I got seg fault with l2fwd-nv when using option -m 1 and -w 0 (or 2).
I want to test GPUDirect RDMA between the GPU and the ConnectX-4. The Rx/Tx packets should be DMA directly to/from GPU memory. Everything works fine when the split buffer mode (-s) is used. The seg fault occurs when DPDK wants to send the packet, for some reason it deferences a GPU memory address and it seg fault.
My understanding is that the CPU should only be used for orchestration and control. I don’t understand why the current code does access to the GPU memory. The entire packet (header and payload) is located in GPU memory, so the PMD driver should only manipulate the Tx buffer descriptors and the NIC should perform the DMA by directly accessing the GPU memory, right?
Command line used:
sudo ./l2fwdnv -l 0-9 -n 4 -a 03:00.1,txq_inline_max=0 -a 55:00.0 – -m 1 -w 0 -b 64 -p 1 -v 0 -z 0
Devices info:
(base) robert@delta:~$ lspci | grep NVIDIA
55:00.0 VGA compatible controller: NVIDIA Corporation AD107GL [RTX 2000 Ada Generation] (rev a1)

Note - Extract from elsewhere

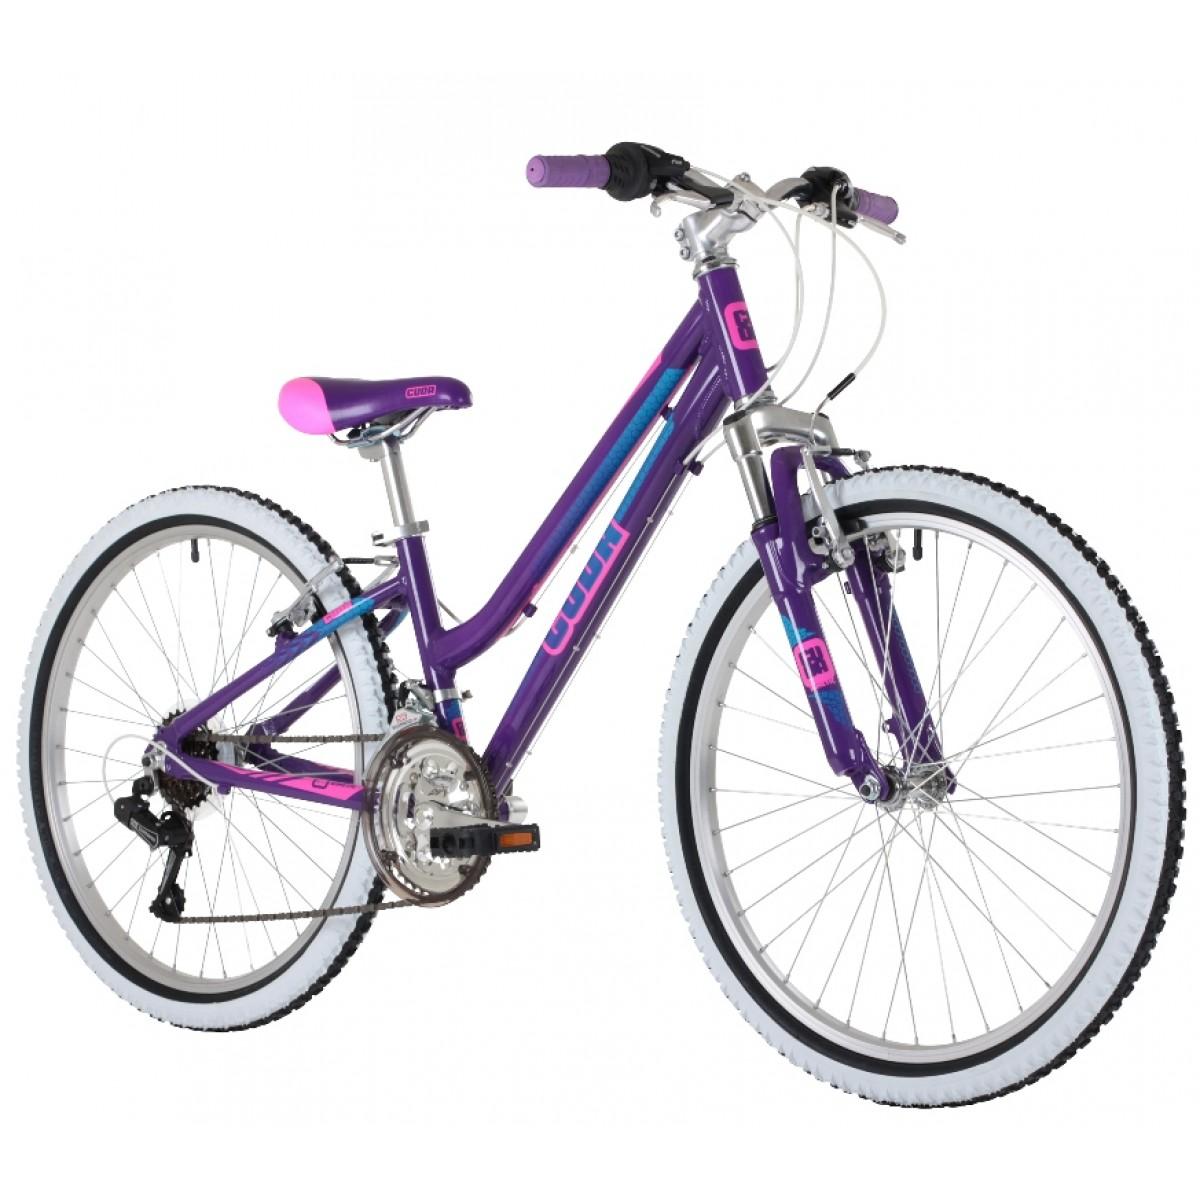 Cuda Kinetic 24 Inch Purple Alloy Mountain Bike

55:00.1 Audio device: NVIDIA Corporation Device 22be (rev a1)
a2:00.0 VGA compatible controller: NVIDIA Corporation AD107GL [RTX 2000 Ada Generation] (rev a1)
a2:00.1 Audio device: NVIDIA Corporation Device 22be (rev a1)
(base) robert@delta:~$ lspci | grep Mel
03:00.0 Ethernet controller: Mellanox Technologies MT27710 Family [ConnectX-4 Lx]
03:00.1 Ethernet controller: Mellanox Technologies MT27710 Family [ConnectX-4 Lx]